If we want to put AI into the hands of as many people as possible, we need to drive down the cost of compute and make it abundant (which requires lots of energy and chips). If we don’t build enough infrastructure, AI will be a very limited resource that wars get fought over and that becomes mostly a tool for rich people.

This was back in November, an eternity ago in the fast-paced AI scene (remember, AGI was only “a few thousand days” away!), and reaching AGI soon is still very much a speculation. Of course, Sam Altman is still interested in making more money, and still views OpenAI’s expansion as a universal benefit for the American people. Therefore, to him, AGI expansion is the only way forward: a technology that OpenAI will be perpetually close to creating, as the one in charge of defining what constitutes as AGI is Altman himself.

That’s the state in which the Stargate Project finds itself in, with the goal of reaching AGI eventually. But why should OpenAI and co. ever admit to actually creating AGI? The group currently has a nice $500B in funding, support from the U.S. government, and easily maintains the largest share of the AI market. None of this will disappear soon, especially as MGX and SoftBank can easily prioritize funding Altman’s pursuits on the off chance that AGI is actually achieved. And even if Stargate’s money sources somehow disappear, framing the project as a “net positive for all Americans” allows the U.S. government to easily support the endeavour (and grant OpenAI and Altman even more money).

Even if AGI is achieved through the Stargate Project, what would be the resolution? OpenAI claims that the project will create “hundreds of thousands” of American jobs.
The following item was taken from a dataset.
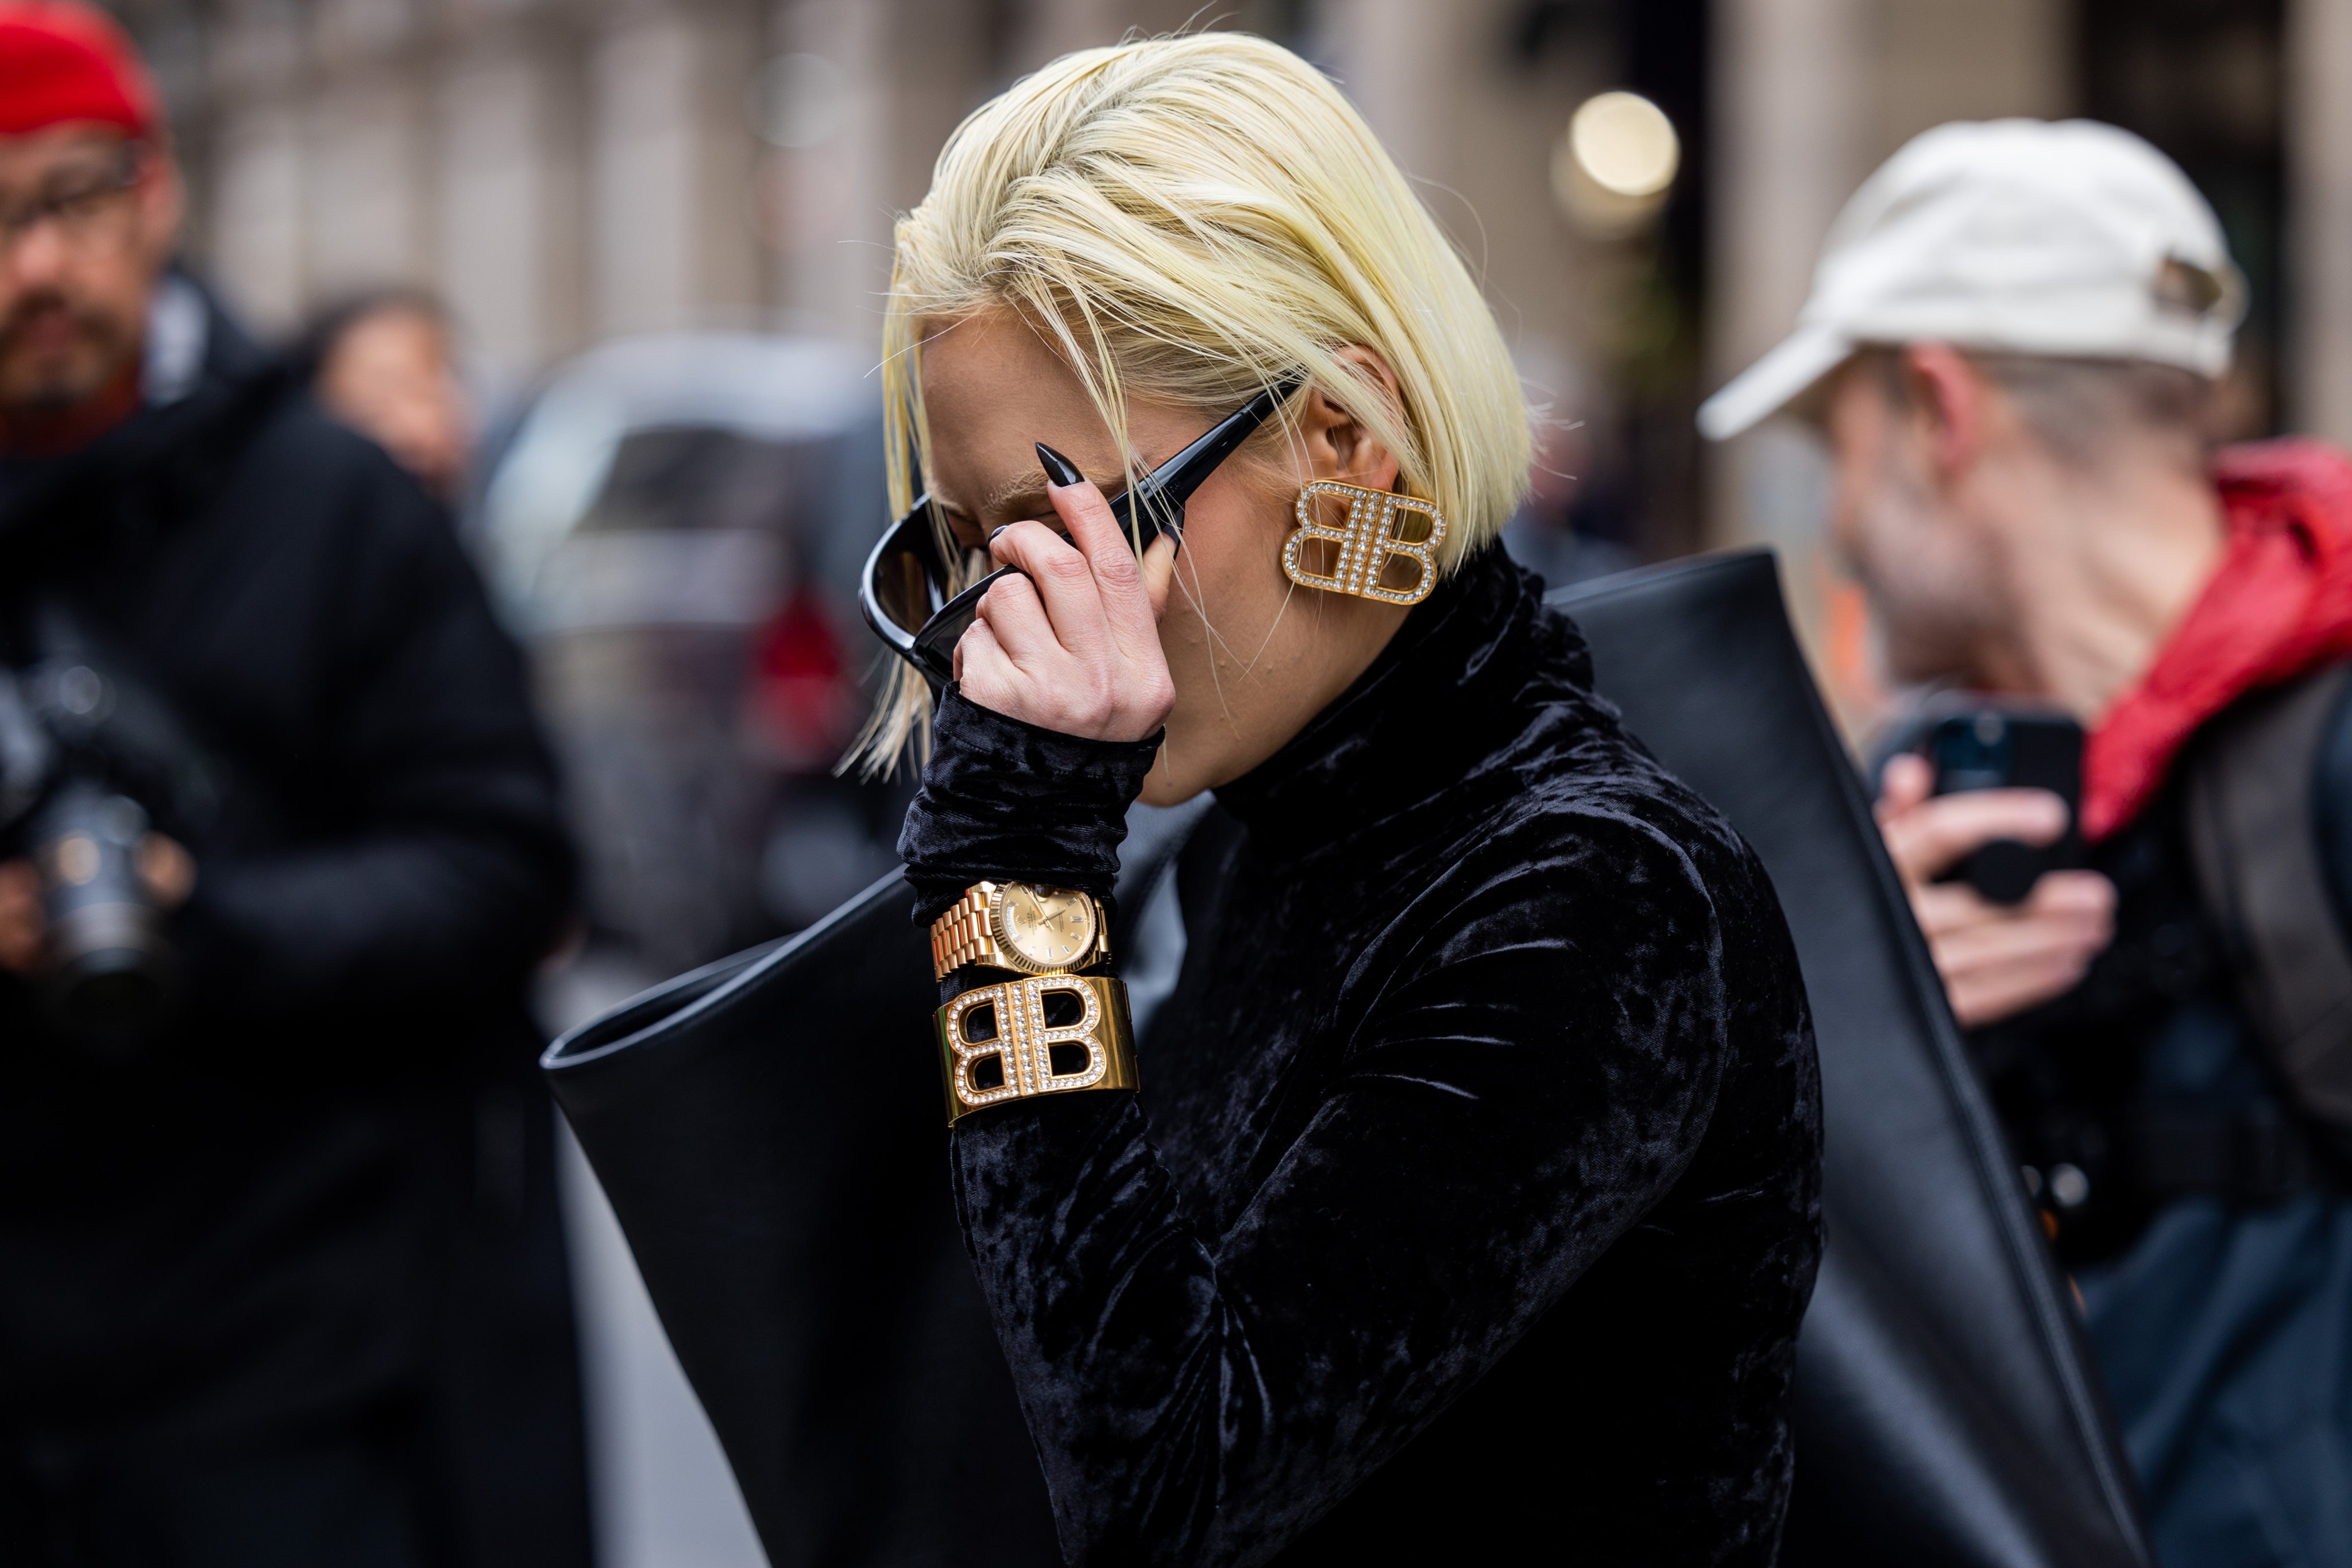 A guest wears earrings and a bracelet outside Balenciaga’s Paris Fashion Week womenswear autumn/winter show in March 2023, in Paris, France. Photo: Getty Images

As pointed out by many Hacker News commenters, this cannot be predicted with any certainty and will likely result similarly to Foxconn’s $10B investment in Wisconsin (forecasted 13000 workers; actually ~1500), leading to the efforts solely benefitting OpenAI and the other private corporations. But even then, from Altman’s viewpoint, the endeavour is still a net positive for humanity: any increase to OpenAI’s valuation is just securing a future with more AI capabilities (which surely will be beneficial to all).

Note that this way of thinking isn’t limited to just Sam Altman: most “tech leaders” are figureheads for their respective companies and their political views and personal opinions should generally not be considered from a utopian point of view.